John Herbers is a GOVERNING contributor. He is a former New York Times reporter.
State and local governments, with a new sense of independence from the federal government, have been taking on new responsibilities in the 1980s -- a change that promises to be both more profound and more permanent than most people have recognized.
The city of Des Moines, Iowa, for instance, is using public and private funds to establish a 1,000-acre demonstration farm near the city of Shijiahzuang in the People's Republic of China in an effort to create new markets for agricultural products exported by Des Moines businesses. Foreign trade issues, once left almost exclusively to Washington, have become so important that they are finding permanent places on the agendas of such organizations as the National League of Cities and the National Conference of State Legislatures.
In Massachusetts, collecting delinquent child support has been turned over to the state Department of Revenue so that the same tough tactics used against tax evaders can be turned upon wayward parents. Wisconsin has a new law requiring that child-support payments be deducted automatically from the wages of fathers who leave their families on public welfare. These are only two among many states that have gone far beyond federal requirements in holding parents responsible for their children until age 18, just as they have gone beyond federal mandates in such areas as environmental and health programs.
California uses the proceeds from a tax on production of offshore oil and Kentucky has created a special fund to help the poor acquire homes in rural and urban areas. Both are representative efforts by states to replace the once-mammoth federal housing programs that have been cut or eliminated.
In education, states as diverse as Georgia and Minnesota authorize state officials to take over and run local school districts that persistently fail to bring their classrooms up to minimum standards. This is part of a nationwide pattern of state intercession in public education, once strictly a local government prerogative. In 1985 alone, total public education outlays increased by $12 billion, to $146 billion, almost all of it the result of expanded funding at the state level.
An explosion of innovations and initiatives by state and local governments has occurred since 1980 under President Reagan's policy of cutting back on the federal domestic programs and regulatory requirements enacted over more than half a century. Although the changes have occurred without any overall blueprint, there is a consensus that they are more far-reaching than almost anyone envisioned seven years ago, despite the fact that Congress has blocked a number of Reagan's attempted cutbacks.
When Reagan was elected, there was a widespread belief that his efforts to shift power and responsibility from the federal level to the states, cities and counties -- a process and policy called "devolution" -- would be an aberration, that there would soon be a return to the 20th century norm of authority moving steadily from the state and local governments to Washington.
At least as far back as the Eisenhower administration, there were serious efforts in Washington to restore some powers to the then-moribund states. But those efforts proved unsuccessful. Even the enactment in 1972 of a program for sharing federal revenues with the states and localities was offset by tighter federal controls overall. Then, in the 1980s, several largely unplanned and unanticipated forces came together to create the so-called "Reagan revolution," marked by stagnation in Washington and bursts of governmental activism elsewhere.

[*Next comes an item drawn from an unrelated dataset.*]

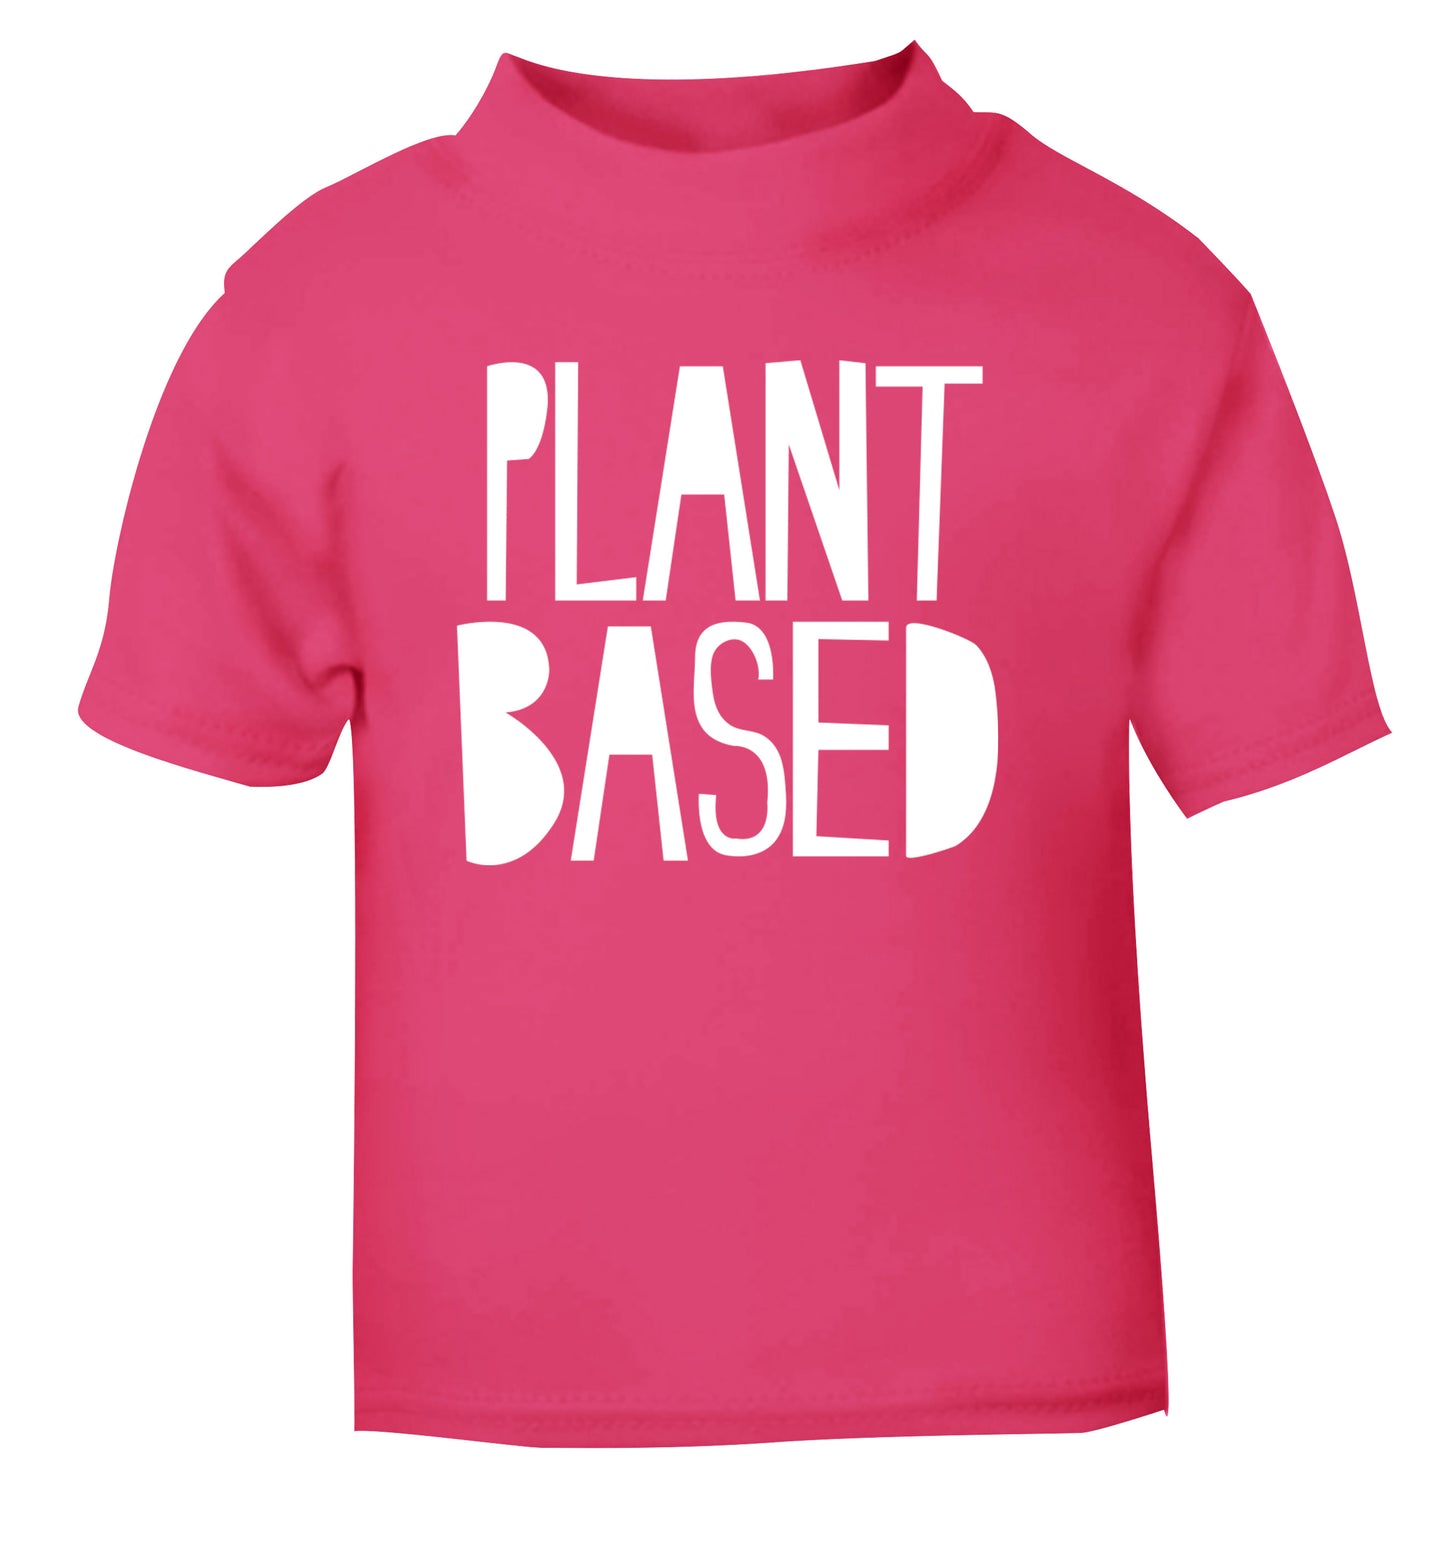 Plant Based pink Baby Toddler Tshirt 2 Years

"There has been a Reagan revolution during the time of Reagan," says U.S. Sen. Dan Evans, a Republican from the state of Washington and a former governor long considered a leading authority on the federal system. "There is a change going on, but we are doing all these things not so much because we think they are right but because we have to" under the economic realities of recent years. These realities include the persistently huge national debt that has caused drastic cutbacks in many federal programs and the shift from a national to a world economy that for the first time has left states and localities competing against each other for international markets and investments. That competition in turn has led to innovations in education, job training and social programs deemed vital to the new kinds of economic development.
Among the major changes that have occurred:
The legislators' move was sparked by the federal government's decision to end most direct aid to cities and counties, leaving them nowhere else to go but the state houses they had previously bypassed to deal directly with Washington. It was local governments, rather than the states, that took the brunt of the federal cuts, and after general revenue sharing was ended in 1986, most local governments were left, for the first time in many years, without any direct federal assistance, according to a study by the Advisory Commission on Intergovernmental Relations (ACIR), a non-partisan federal research agency. Now, for the first time in the memory of those involved, a National Conference of State Legislatures task force is urging a closer working relationship between local and state officials with a goal of achieving greater local autonomy.

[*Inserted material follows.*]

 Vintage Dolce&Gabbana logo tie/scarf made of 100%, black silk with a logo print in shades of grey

There was little that was logical in the process of arriving at the kind of federalism that we have today. In the years following World War II, the public turned increasingly to Washington for every conceivable kind of public assistance; the state governments had become dormant and indifferent, and the cities did not have the resources to help themselves. By the end of the Carter administration, however, there was a growing consensus -- including many liberals who had long advocated federal solutions to most domestic problems -- that the hundreds of federal programs, taken together, had become a cumbersome monstrosity that could not possibly be administered properly.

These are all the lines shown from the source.